ZWOW #23 |
Spis treści artykułu
ToggleZWOW #23
Moja miłość do ZWOWów z każdym dniem rośnie. Dzisiaj co prawda odpuściłam sobie trening z Zuzką, ale ćwiczyłam z nią wczoraj i czuję w kościach, że jutro również będę 😉
Wczoraj padło na ZWOW #23 (btw – 23 to mój szczęśliwy numerek;)). Kiedy zobaczyłam, jaka katorga mnie czeka, przeżegnałam się lewą nogą i… zabrałam za rozgrzewkę 😀
Przejdźmy przez kolejne ćwiczenia:
- Yoga burpees – niekoniecznie męczące, ale dość wymagające w kwestii siły ramion. Ja, ze strachu przed upadkiem na twarz, nie schodziłam ta nisko jak Zuzka przy przejściu z ‘dog position’ do ‘dive bomber’, ale starałam się jak mogłam.
- AB Splitters – wierzcie mi, to ćwiczenie zabija. Część mnie została na macie 😛
- Burpees – ta wersja burpees wyróżnia się tym, że między odskoczeniem a przyskoczeniem kładziemy się na ziemi. Nie lubię.

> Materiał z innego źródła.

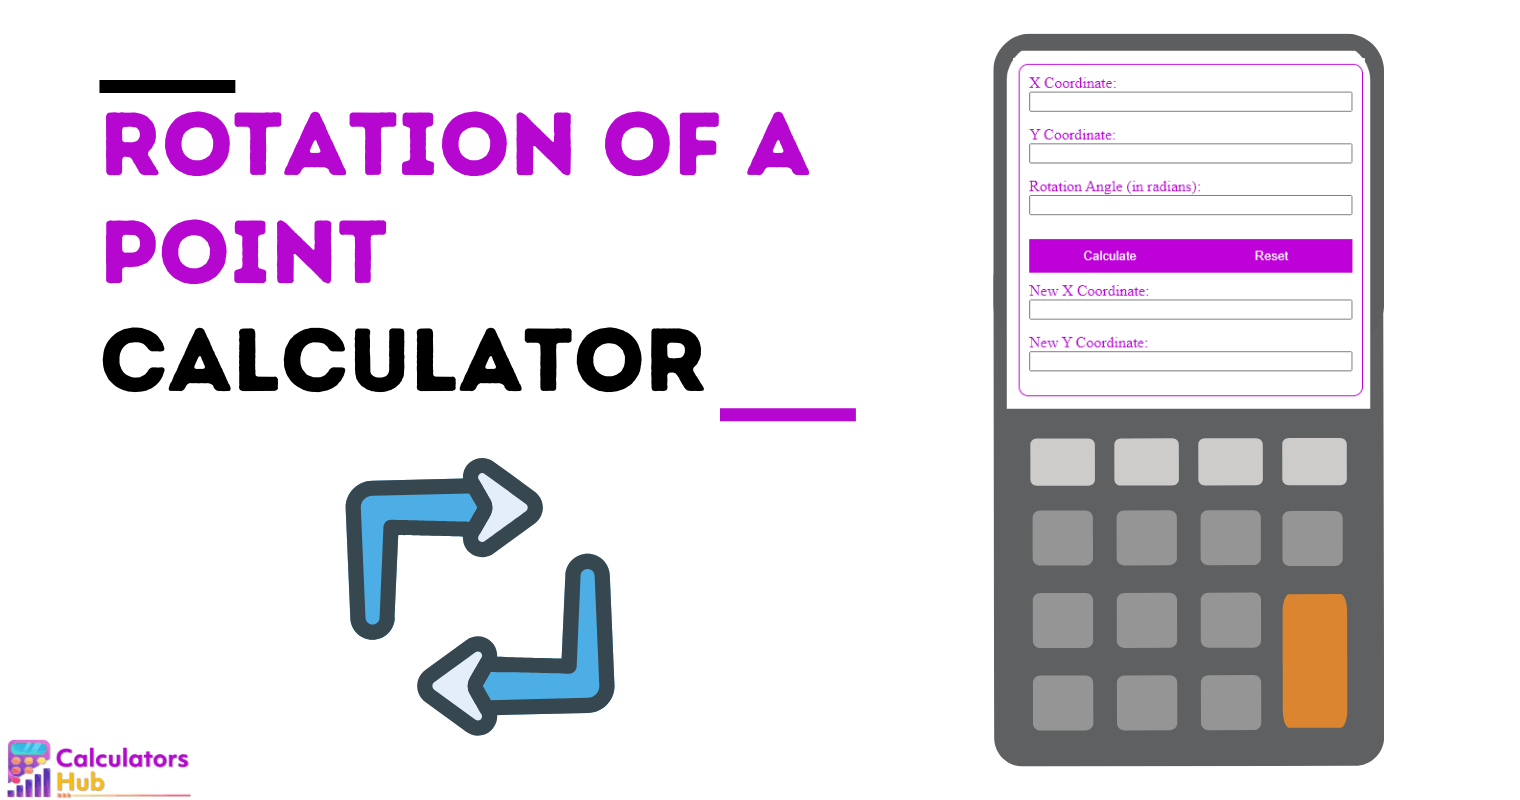 Rotation of a Point Calculator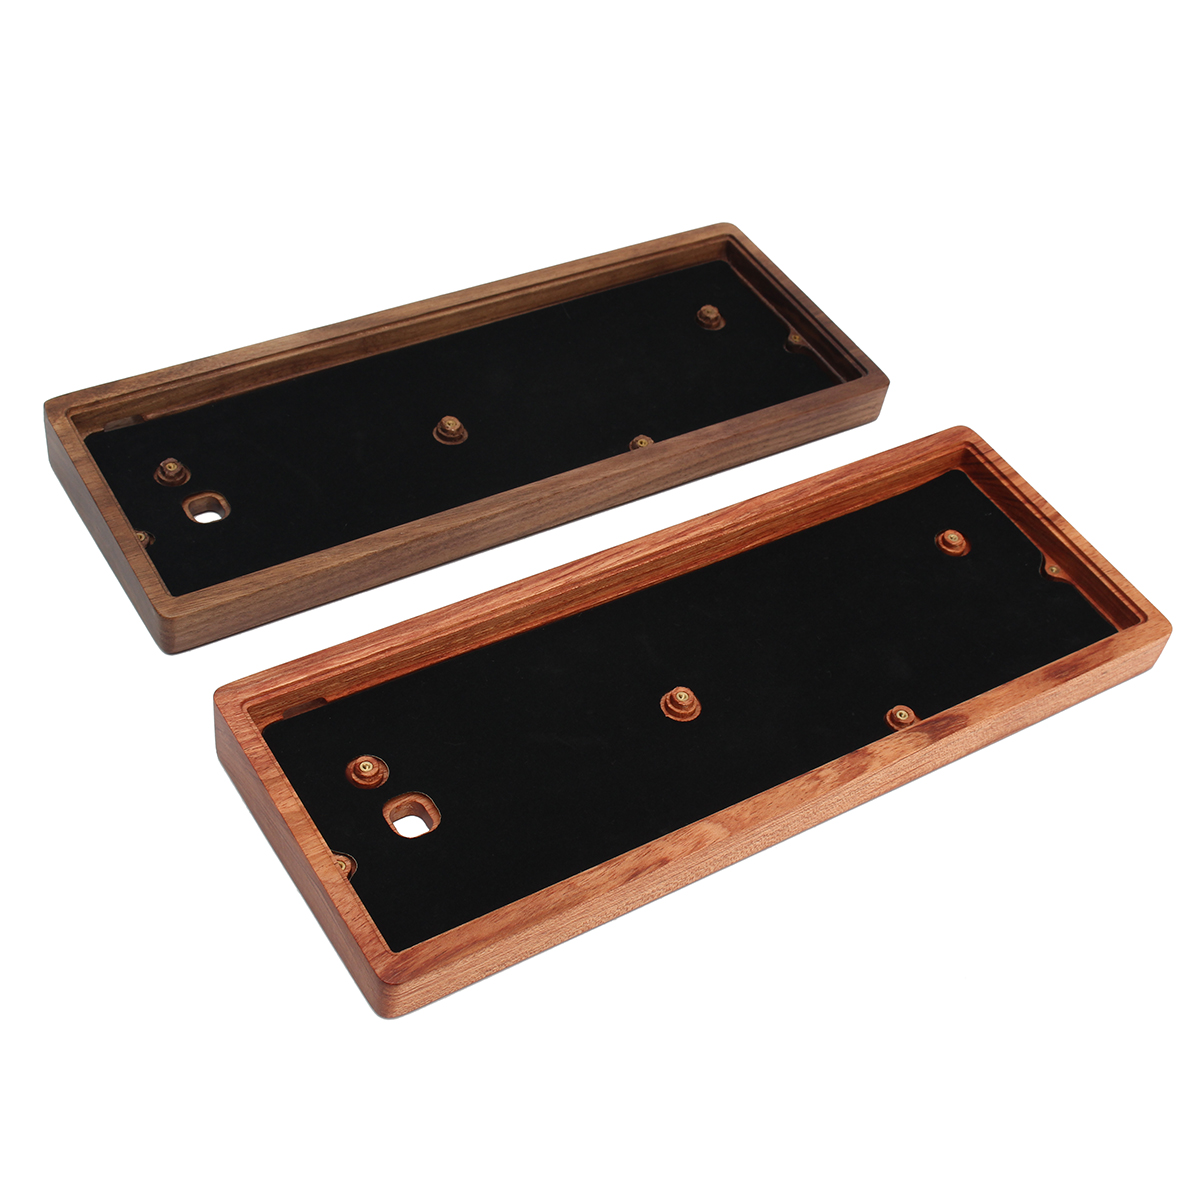 GH60-Solid-Wooden-Case-Customized-Shell-Base-For-60-Mini-Mechanical-Gaming-Keyboard-1175038

- Air squats – jak to przysiady. Miłe, łatwe i przyjemne. Dały chwilę wytchnienia między dwiema kolejnymi rundami.
Dla tych, którzy czują się zachęceni – film instruktażowy 😉
TurboFire
Dzisiaj, w drodze wyjątku, postanowiłam zrobić coś, by wyglądać jak kulturystka. To oczywiście żart, bo wszyscy doskonale wiemy, że na moim (w miarę normalnym z elementami zdrowotnymi) jedzeniu mięśnie nie zaczną mi się nigdy do tego stopnia powiększać.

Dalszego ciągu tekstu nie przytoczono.